I'm ready to move from Portland, Ore., to Little Rock, Ark.
Yeah, I said it. And why wouldn't I? Now this isn't due to some spectacular queer scene (more on that later), the scent (just like fried chicken) or the way the sun sets there (amber waves of wow). No, for me, it goes deeper: I want to move to Little Rock because it still has the thing I fear that gays on the front lines of Portland's queerest issues are beginning to lose: hope.
Just last week I traveled to Little Rock, population 183,000 (about one-third Portland's size), for a convention of alternative newsweeklies. I'd dreaded going to this Southern "red state" that, truthfully, I'd never given a rat's ass about. I knew next to nothing about Arkansas' state capital, except that Bill Clinton had built a museum there that looked like a double-wide trailer.
Now, there were ample examples of the Southern discomfort I expected to encounter: "Raise the Praise" tourists raiding the one and only gift shop; Juneteenth teens in hoochie tops and baggy drawers shutting down the streets; an amendment, like Oregon's, that bans gay marriage. But I was surprised by what else I found—gay people who actually like living in Little Rock.
Take Jeffrey. He is like a Portlander in many ways. He works in a bookstore next to a coffeeshop. He and his partner, an organist for one of the city's mega-churches, had moved here from Sedona, Ariz. Not the type to go out to bars, they still have plenty of queer friends. What makes him different from "us" is his sanguine attitude about the place he now calls home. "Little Rock runs at a different speed," said the crisply dressed gent, the antithesis of the protoypical radical Port-queer. "Things are a lot slower here. It's just the way things are."

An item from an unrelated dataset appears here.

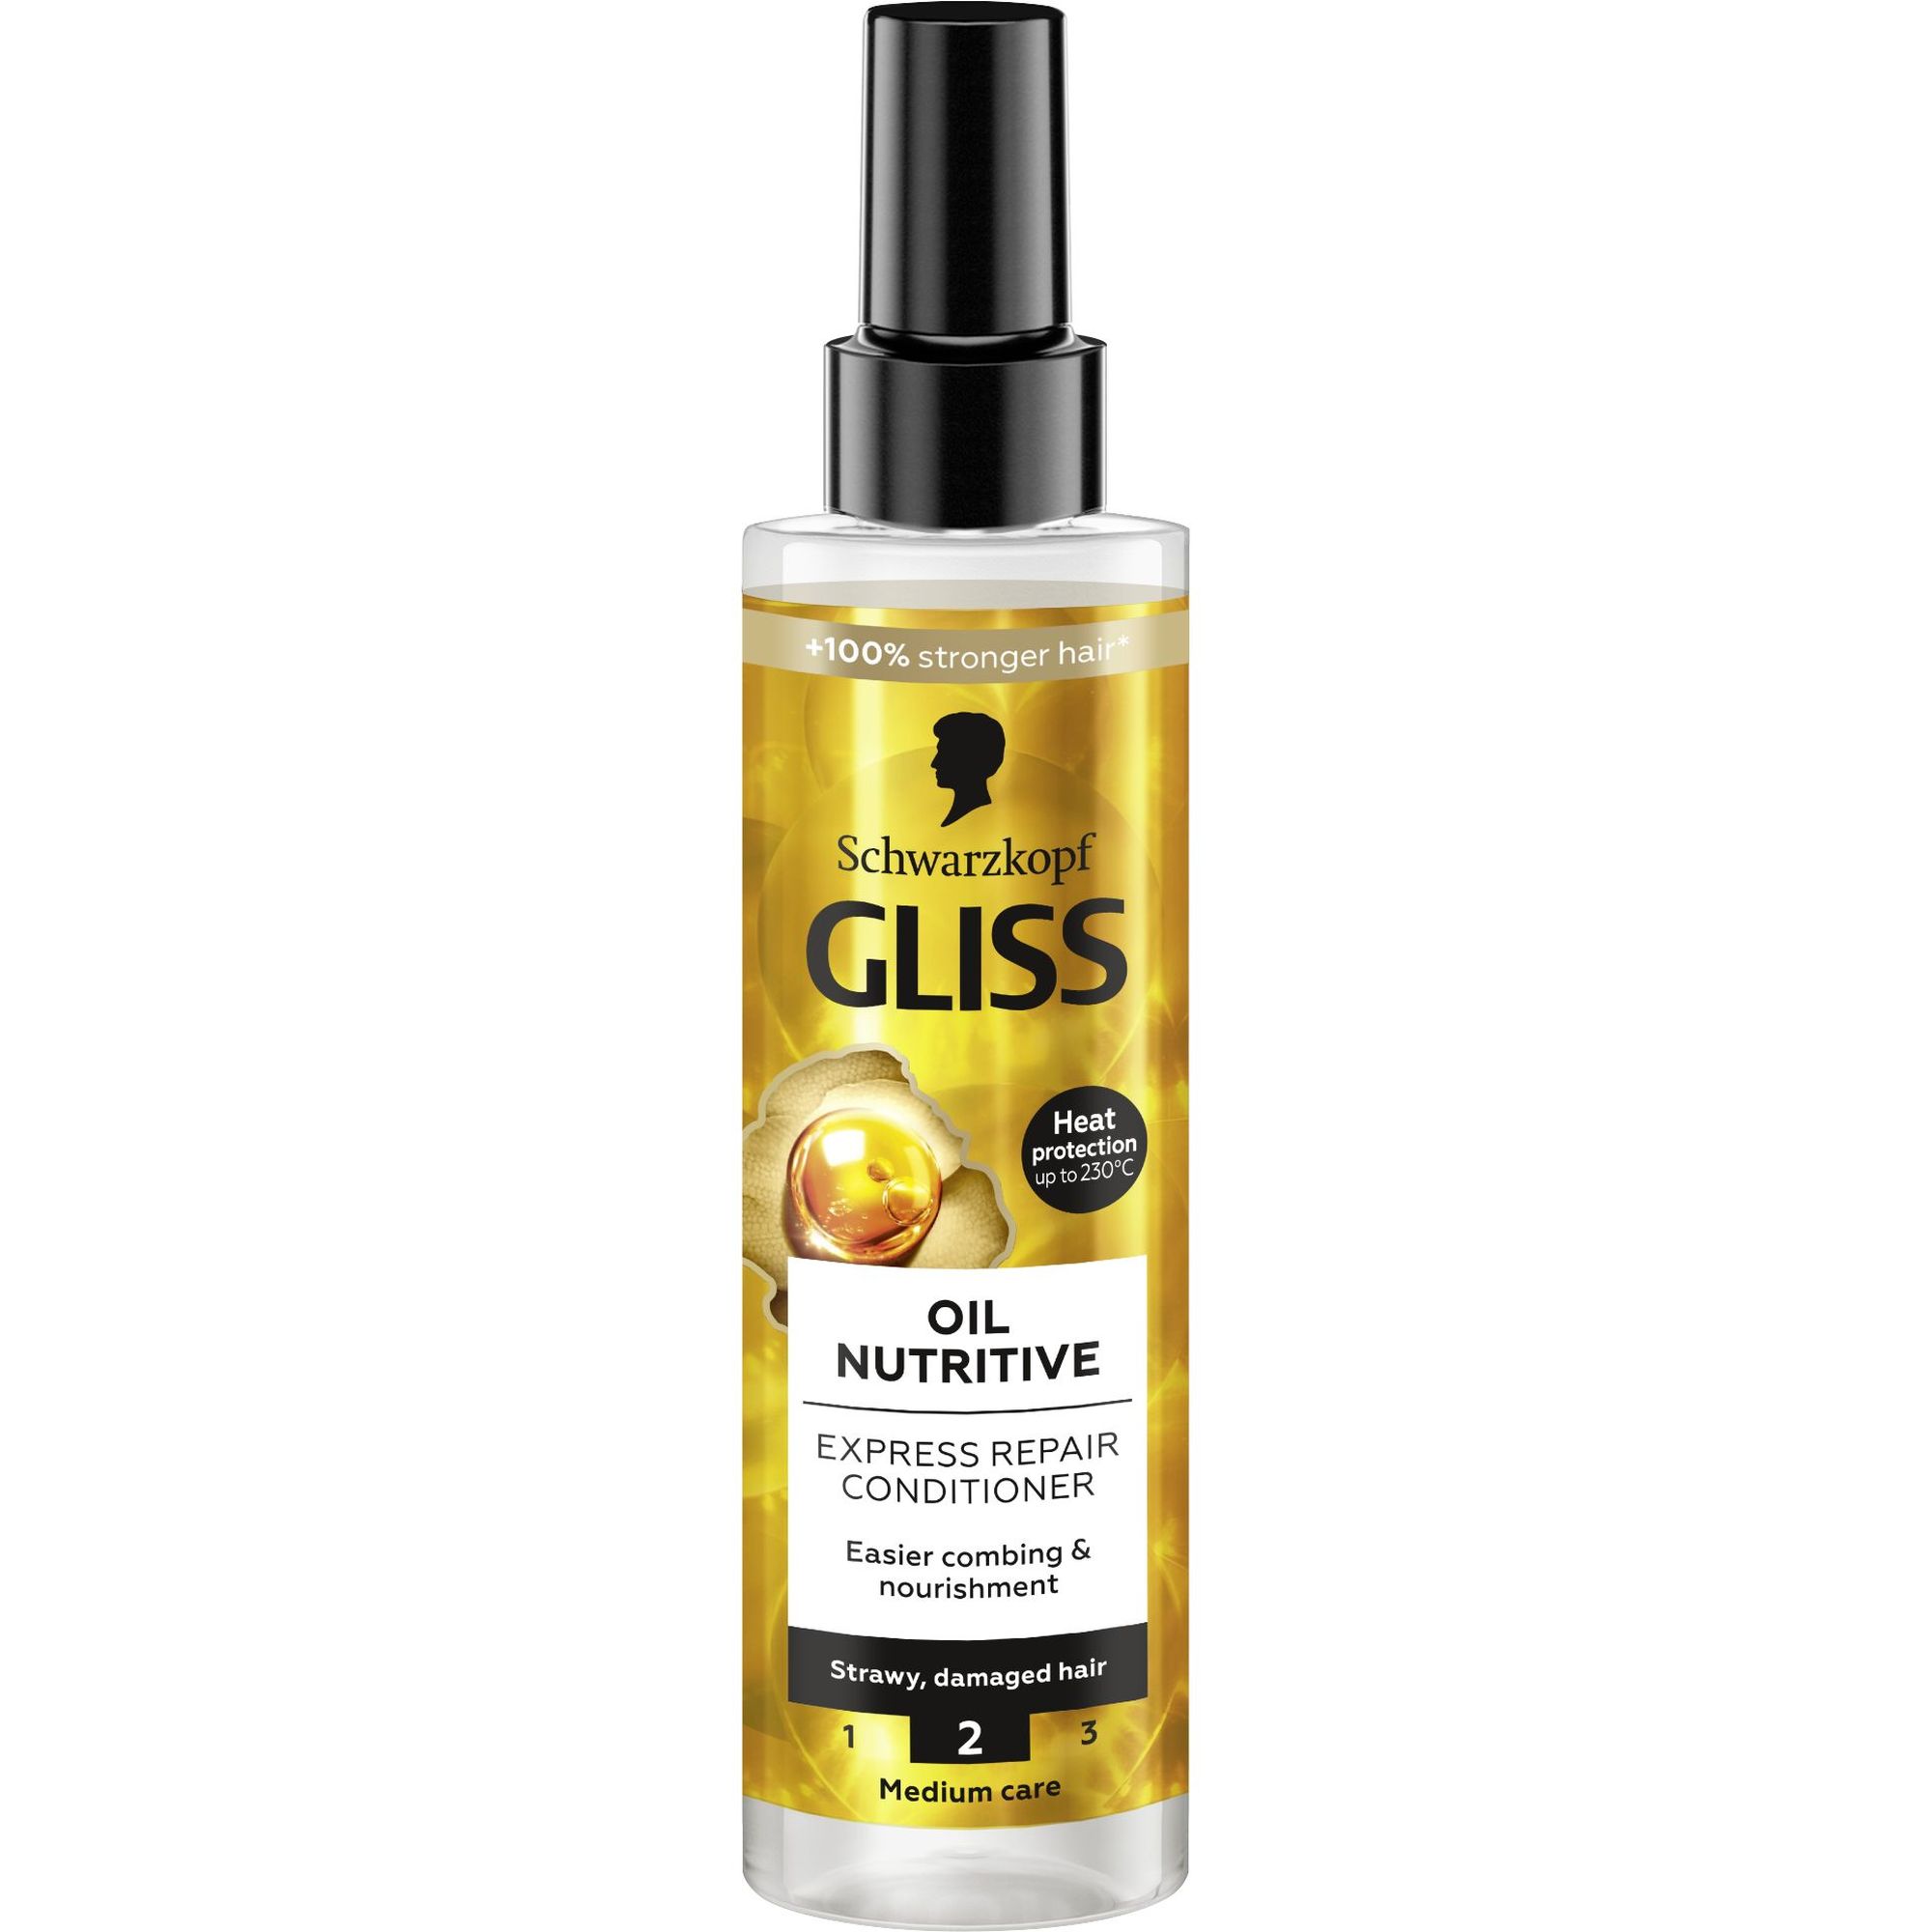 Експрес-кондиціонер Gliss Oil Nutritive для сухого та пошкодженого волосся 200 мл - фото 1
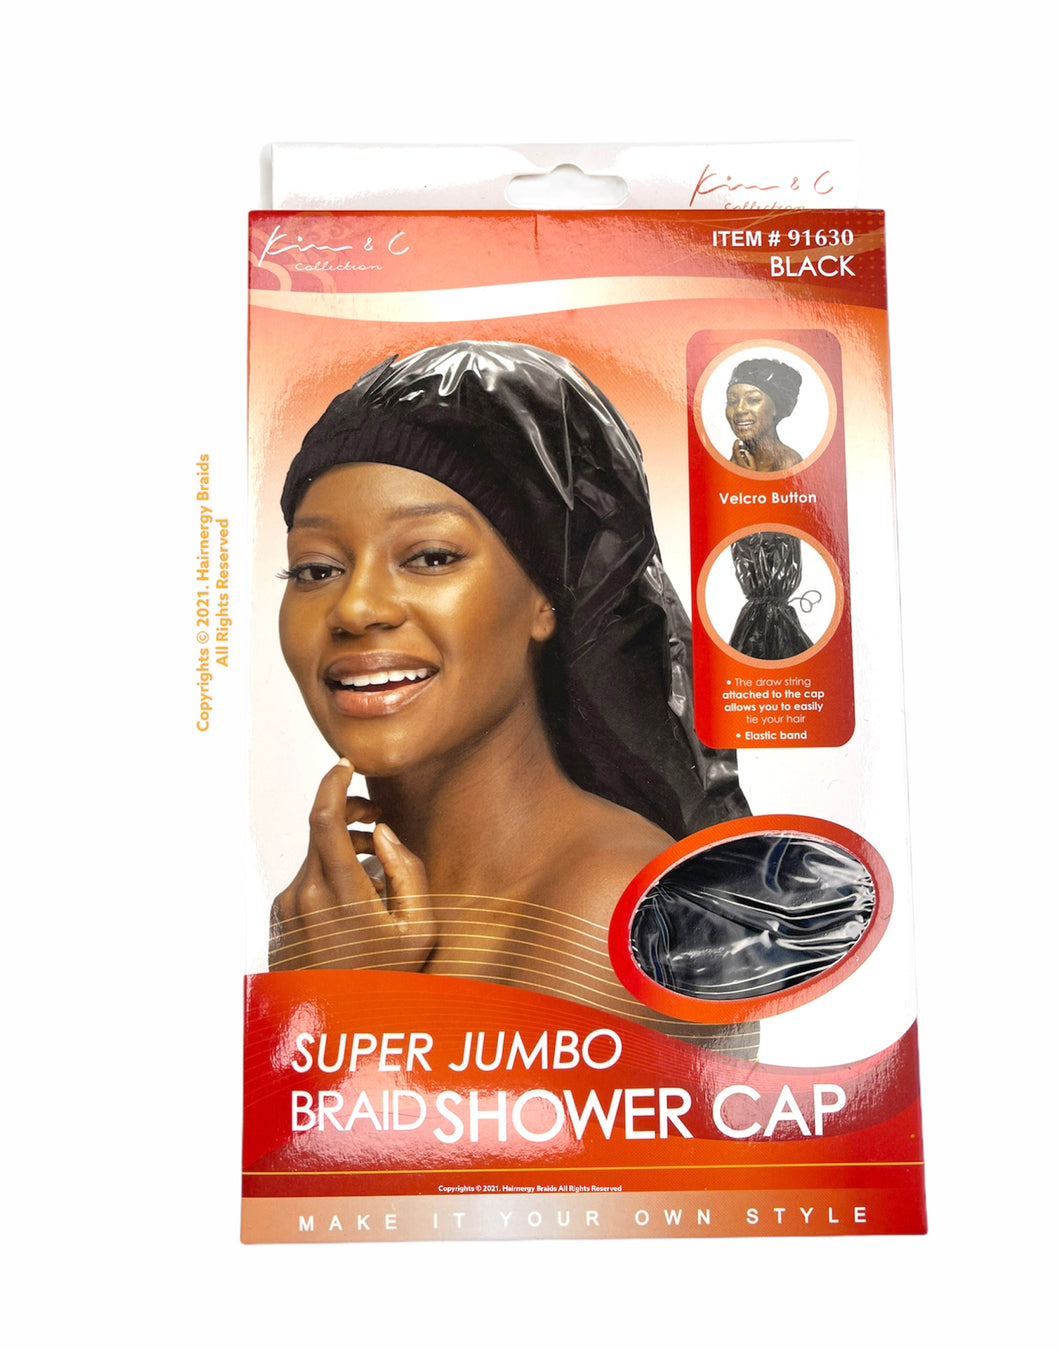 Super Jumbo Braid Shower Cap

Jeffrey's words touched me in a weird way. The same thing happened when I went to a gay bar near the Peabody Hotel (the host hotel with those "world-famous" ducks). No, nobody "touched" me, but I was moved in another way. It was by the laid-back integration of cultures: black-white, gay-straight, young-old, all together on a late Friday night. It was this weird alt. universe where everyone got along (and knew the steps to hip-hop line dances).
I now believe you haven't really lived until you've set foot in a queer bar in Arkansas.
It shouldn't have come as a surprise that my feelings were translated into words by the "man from Hope": The convention's keynote speaker, Clinton looked handsome, if worn out. Maybe it was from all the talking—the ex-president talked for over an hour from just two pages of notes. Most of what he talked about—Darfur, energy consumption—buzzed right over my head. But what did stick with me was when he talked about making friends with his enemies. "We need to find ways to unify this country," Clinton said. Another speaker at the convention, Laura Dell, echoed that idea when she said we all need to "integrate, not separate" the way we look at things. I saw prime examples of this style of respecting your fellow man, gay or not, all over Little Rock. I don't see that much in the pressure cooker that is Portland—especially in these queer-marriage-debate times.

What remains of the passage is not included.